The typical SEC team’s non-conference schedule these days involves one marquee opponent in a neutral location followed by three cupcakes, one of whom plays in mid-November. Then, the league’s best teams in opposing divisions barely play each other. Georgia, South Carolina, and Florida are the exception of SEC schools who balance this with another Power 5, in-state opponent.

Let OSU develop different regional rivalries.
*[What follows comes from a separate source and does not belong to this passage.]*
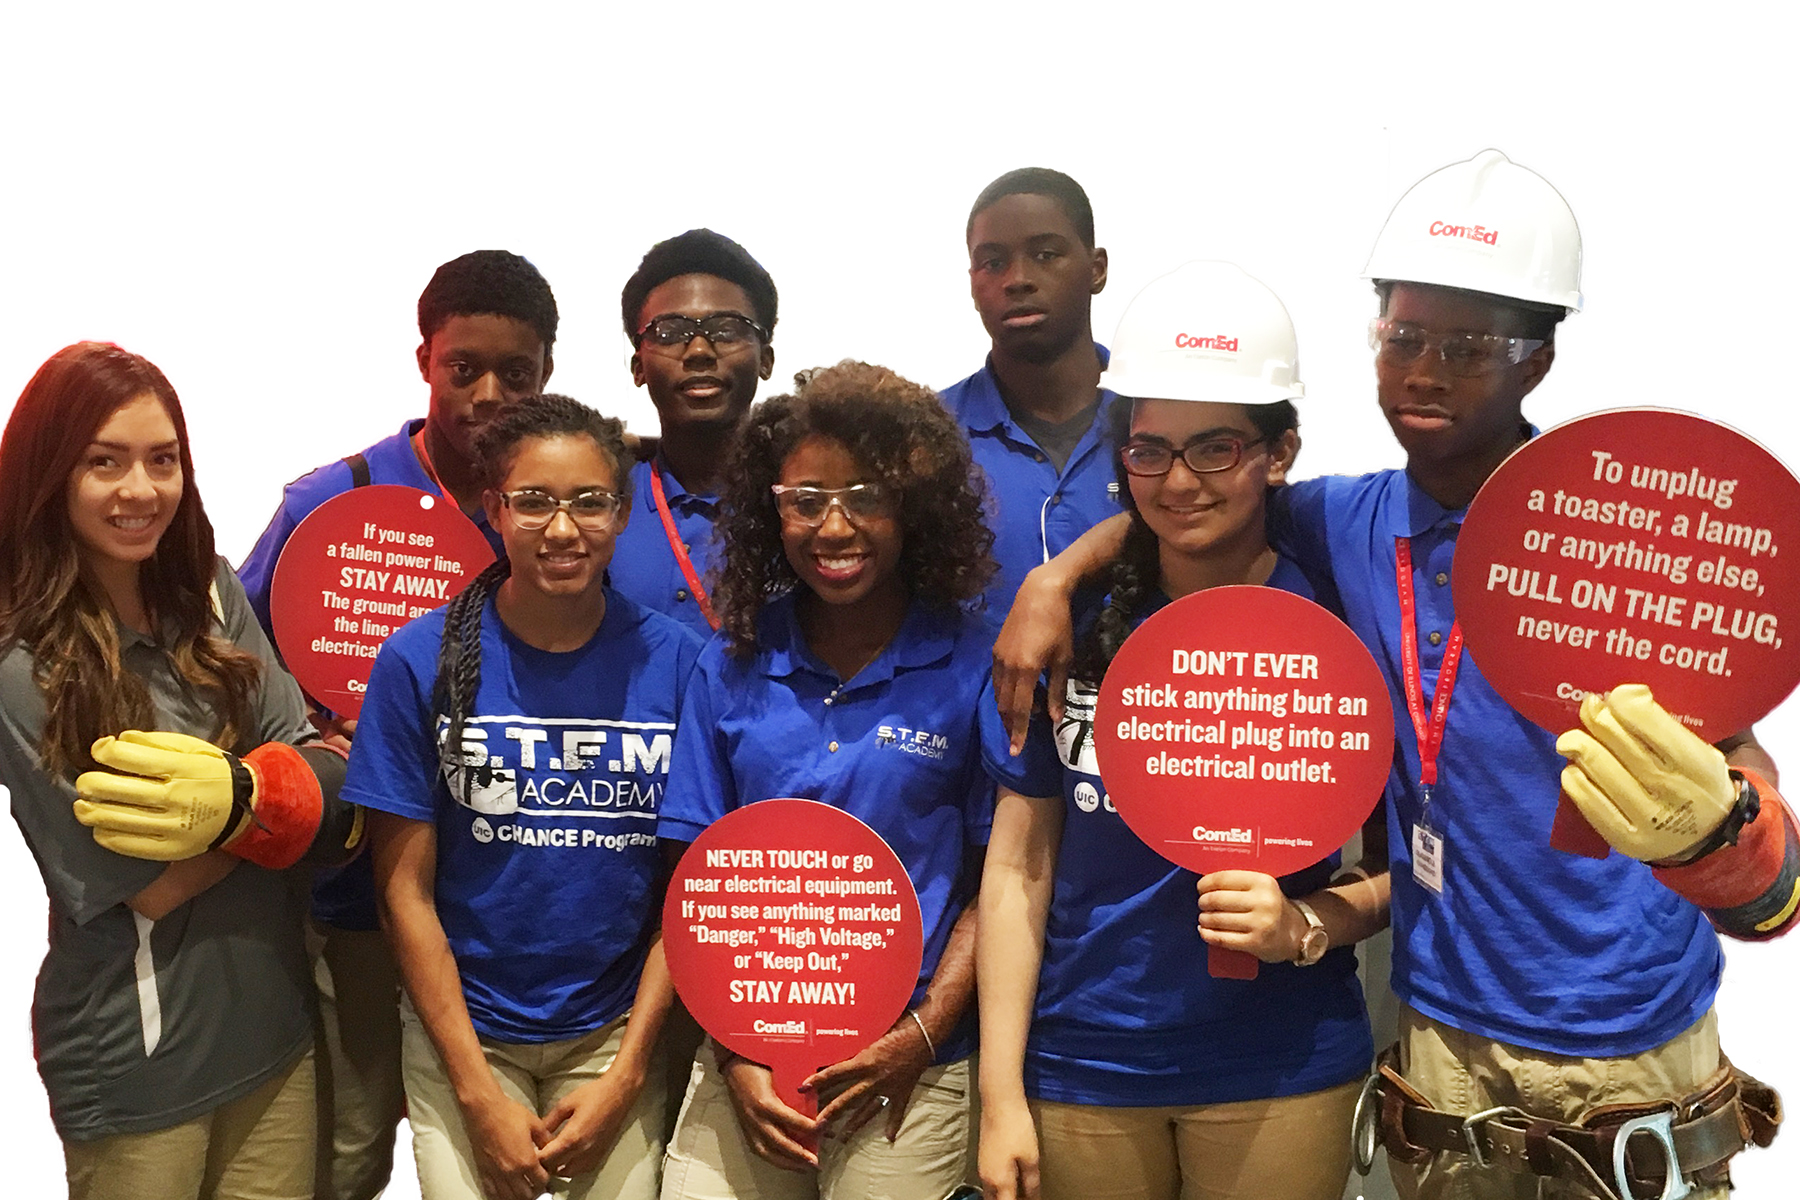 UIC hosts STEM Academy summer camp for high school students UIC today

That will be tough, of course, as Arkansas is a soon-to-be SEC conference opponent of the Sooners (and the Razorbacks aren’t that good, anyway), Tulsa is about as far behind OSU as the Cowboys are to the Sooners, and several Dallas-based schools don’t really move the needle as far as fan base excitement.
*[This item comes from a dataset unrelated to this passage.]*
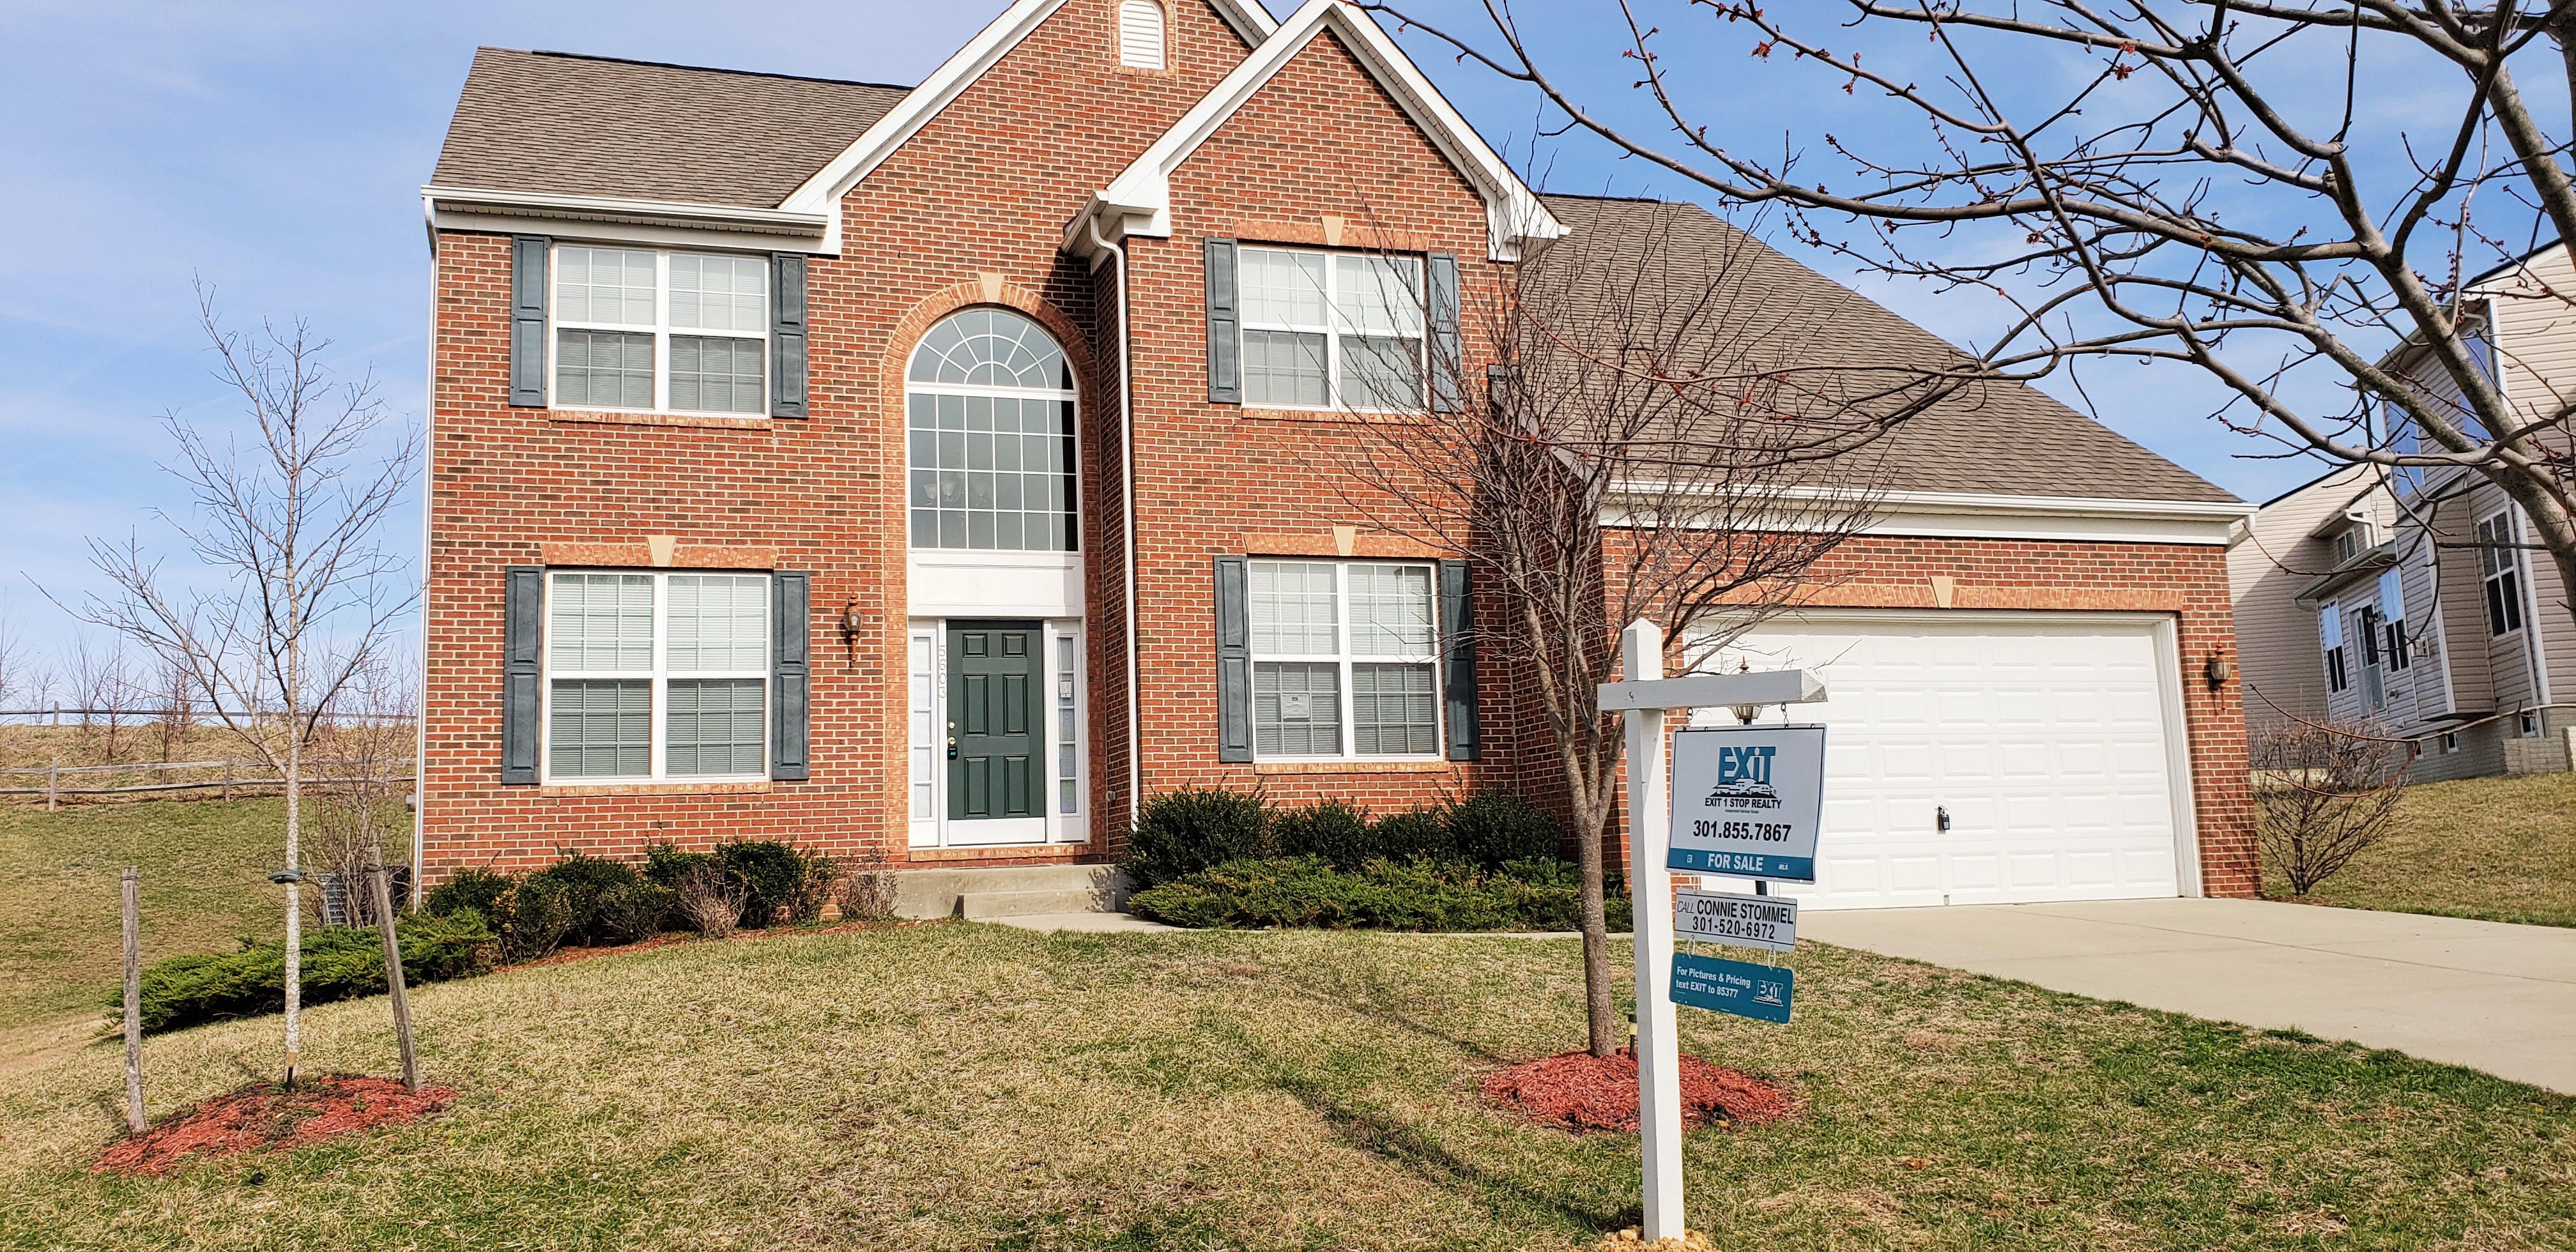 Home for Sale in Upper Marlboro MD

Perhaps the question for OSU’s biggest post-Bedlam rivals provides a compelling enough reason to keep the Big 12 together: teams like Texas Tech and Kansas State, against whom the Cowboys already play each season.
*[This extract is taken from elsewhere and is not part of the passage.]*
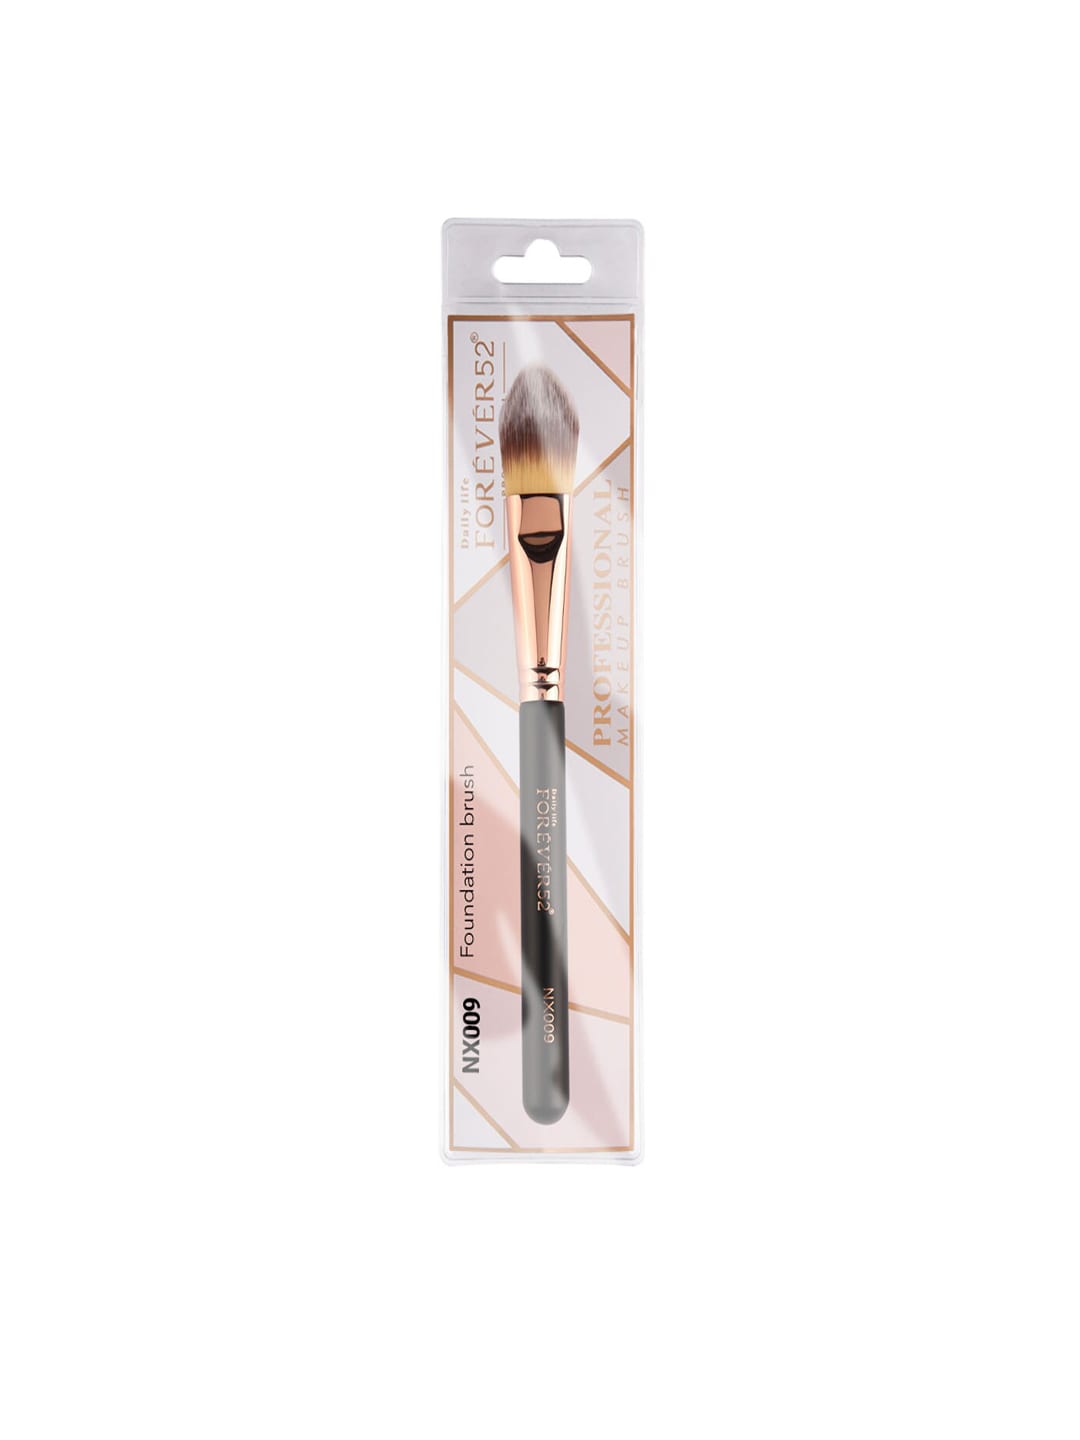 Daily Life Forever52 Foundation brush NX009 Price in India

The departure of OU from the Big 12 could turn into a bad breakup with OSU, considering the grant of media rights that lasts until 2025 and the absurdity of now imagining the Sooners playing that entire time period out in the Big 12. Cue the soon-to-come legal battles and the ensuing war for public opinion in the state of Oklahoma.

Let the ex move on to the supposed glamour (and real revenue increases) of the SEC, and let’s let OSU forge an independent path ahead on its own. It was OU’s choice to associate with a different league, and OSU shouldn’t feel obligated to continue the rivalry on the Sooners’ terms.